As if not knowing what social media sites are in with the kids wasn't bad enough, there's always the looming threat that the joke will end up dating itself by the time it hits DVD. Many of these kids films have aged poorly with jokes thrown at celebrities like Britney Spears and Michael Jackson.

Another big problem is when the film tries to spice things up with a lewd joke or a scene involving a character's bottom. For the TV-14 crowd, this is fine, but for the TV-Y and Y7 audience, do we really need a blue joke?

"Fat Albert" (2004)

"Fat Albert" (2004)

Too Much Drama

The ads for many of these family films will have you believing that your kids will be howling with laughter at the same style of humor you grew up with when they watch this movie about your favorite cartoon characters.

And no greater lie has been sold to your little ankle biter than that.

Fat Albert slows down to a crawl whenever Doris starts to remember her real grandfather, who not only died, but is Albert's alternate universe self that Bill Cosby is making money off of. Bugs Bunny and Daffy Duck have to put their friendly feud on hold because Jenna Elfman's character is jaded against cartoons, and woe be onto Rocky and Bullwinkle who can't focus on Mr. Big sending Boris and Natasha after them, because their sidekick is throwing a pity party for her inner child.

A wedding is off, a financial deal is falling through, these scenarios barely sound appetizing in an adult's film. Why would anyone think that a child would want to sit through some adult's life crisis?

"The Smurfs" (2011)

"The Smurfs" (2011)

The Human Babysitter

These boring, dramatic, bossy characters are an absolute plague in this genre. They exist to babysit the cartoon, and they add nothing of value to the plot.

Remember how Sonic was a fully capable hedgehog leading the Freedom Fighters against Dr. Robotnik? Now he's lonely and trying to buddy up to some nameless face on a poster.

You know how the Smurfs are their own species with their own civilization? Not anymore. They're being babysat and hidden by a guy who is usually asking people if they've met Ted.

Rocky? Bullwinkle? Bugs Bunny? All of them now need a nanny to tell them where they can go and what they can and can't do around regular humans.

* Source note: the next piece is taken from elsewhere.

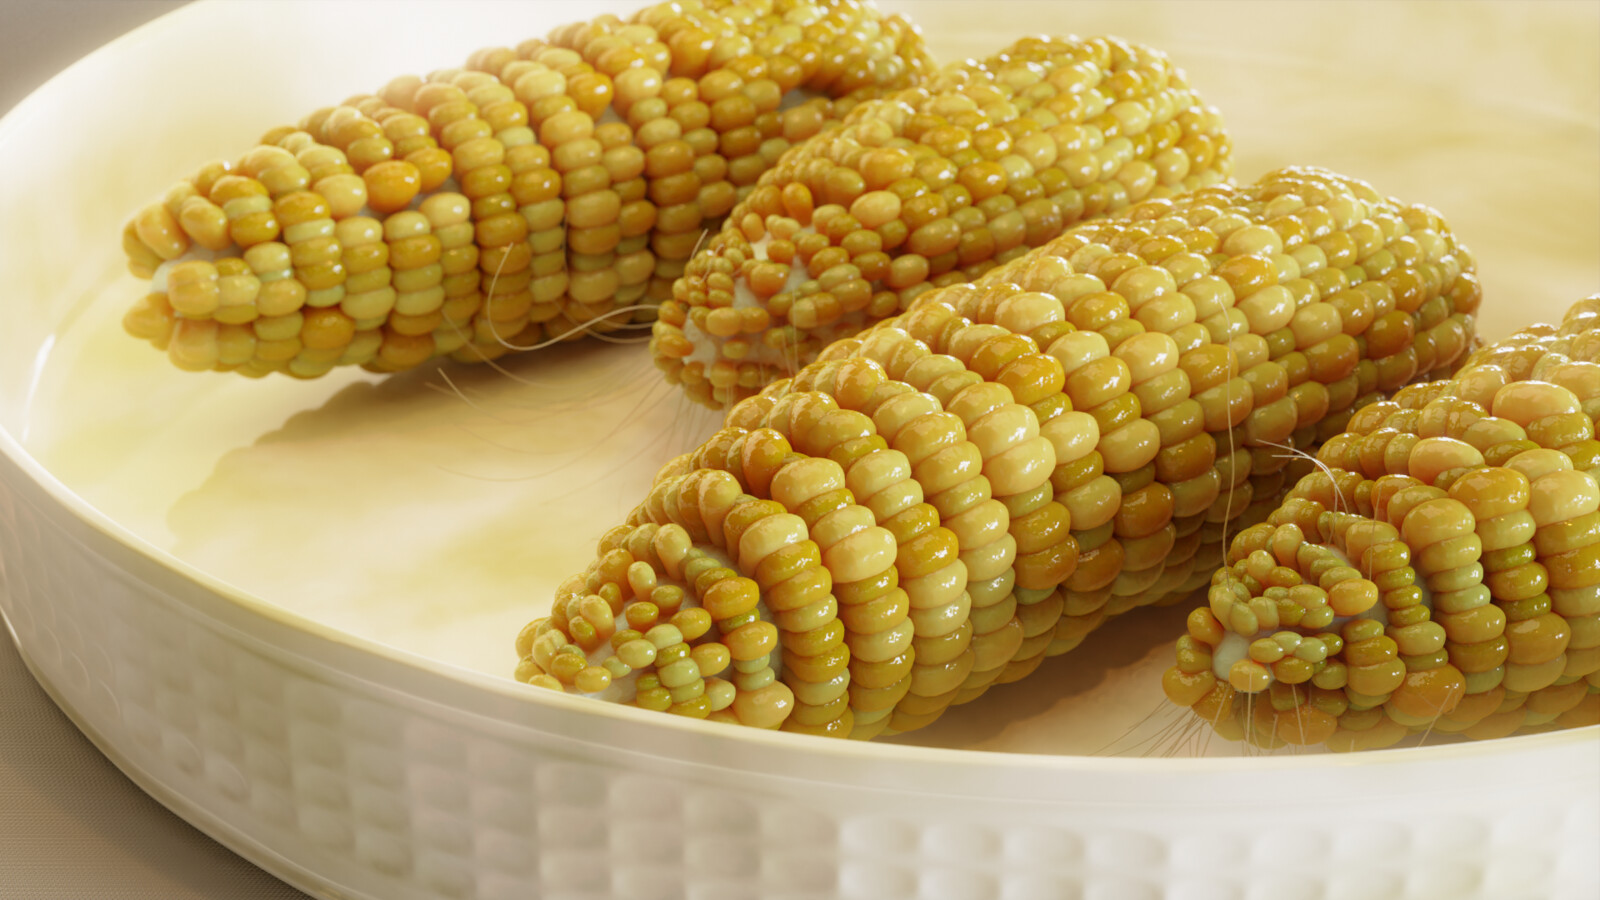 Corn Cobs in Blender
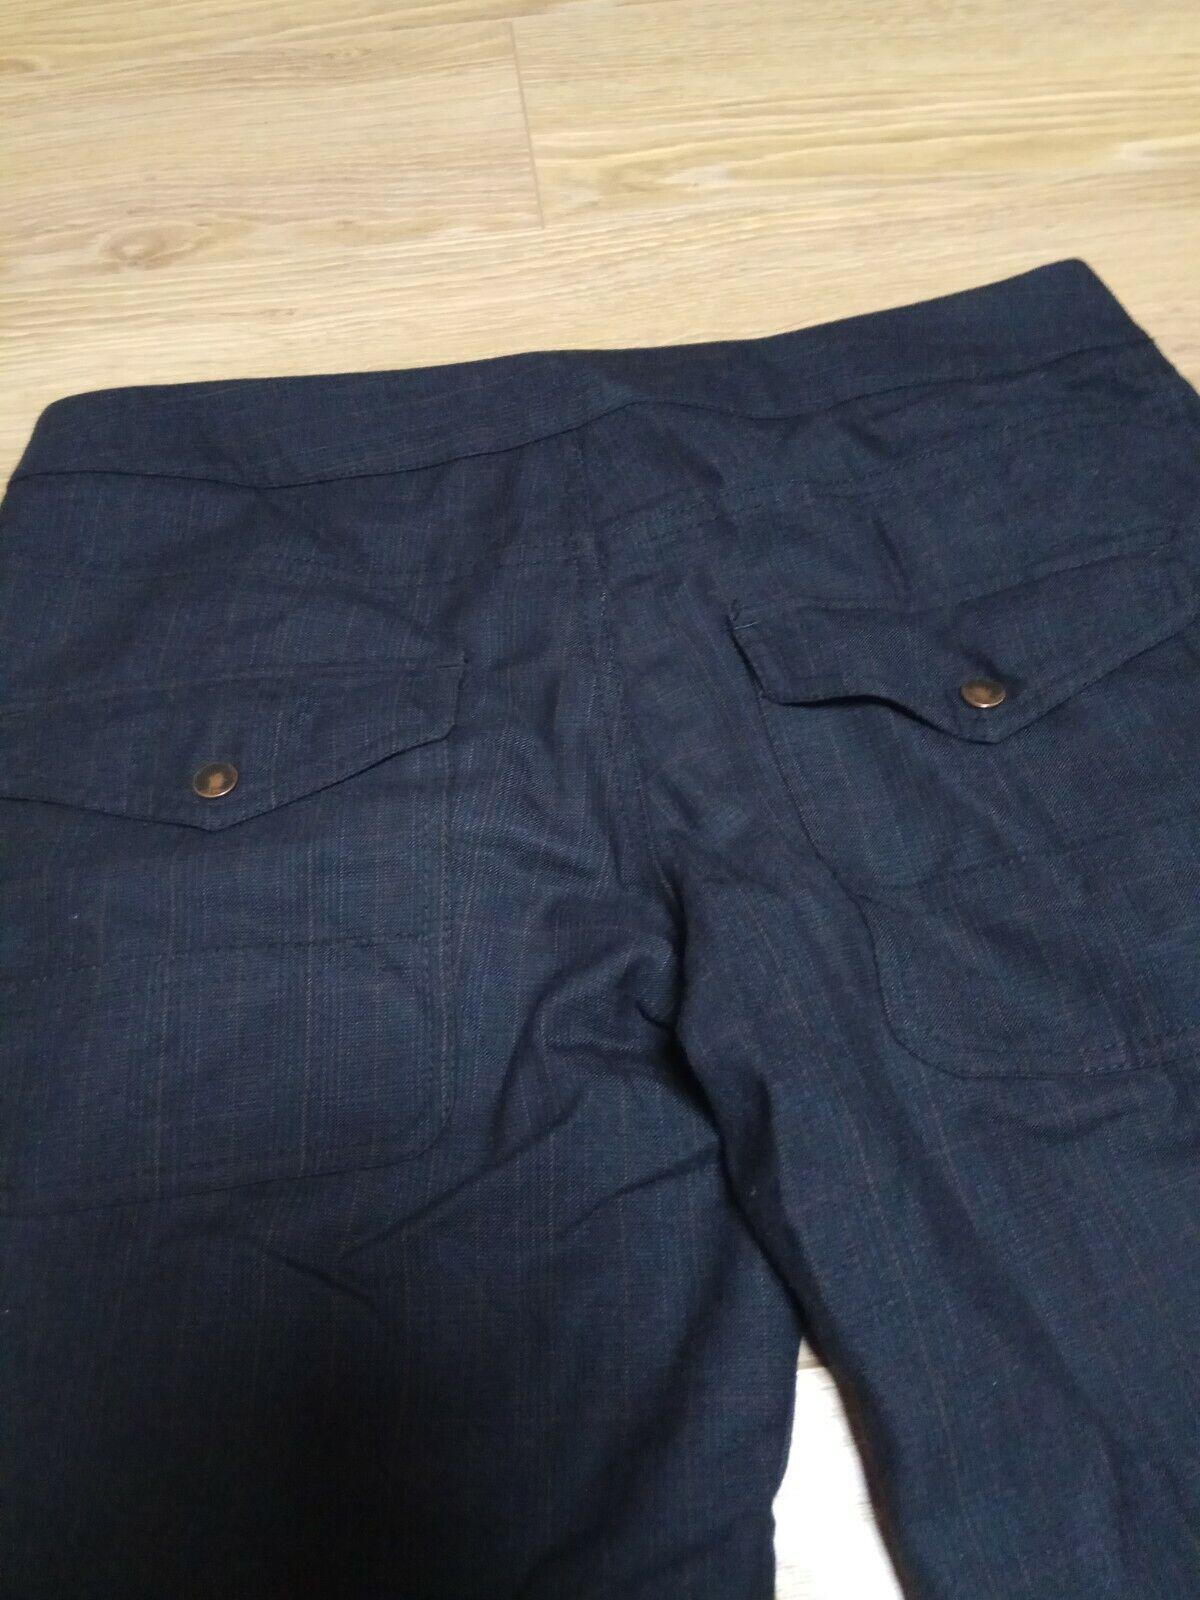 Hugo Boss James Black/grey Wool Dress Pants Micro… - image 7

In most of these films, the new human becomes the star of the film, not the cartoon character you paid to see. This babysitter is usually stressed out, embarrassed that this cartoon character is here, brings with them a ton of relationship and/or family drama, and now 70 of the 90 minutes of this film has to be spent watching this character whom you do not care about, who is not part of the original canon, learn about the value of forced friendship. Yuck.

"Yogi Bear" (2010)

"Yogi Bear" (2010)

Can We Make a Good Live Action Production?

Believe it or not, examples of how to do a live-action cartoon justice already exist.

In 1914, Windsor McCay delighted with Gertie the Dinosaur where he filmed himself in live action, playing with a cartoon dinosaur.

Walt Disney thrilled with his Alice Comedies from 1923 to 1927, having his staff animate Julius and future Mickey Mouse villain Pete around a live-action girl and occasionally bring in her live-action pals.

In 1940, Porky Pig went on a wild ride around the Warner Brothers studios in You Ought To Be In Pictures, and Cartoon Network's Gumball had the entire cast animated in front of real-life photos and film. It's not surprising when you see how long Space Ghost Coast to Coast ran with cartoons interacting in real time with celebrities or how many times Harvey Birdman: Attorney At Law slipped in a live-action hybrid sequence.

If you want to make a live-action cartoon film the right way, follow the source material, leave the pop culture slang at home, and just let the cartoons interact with each other while the humans just serve as background extras.

If more films did this, the sequels would sell so much better.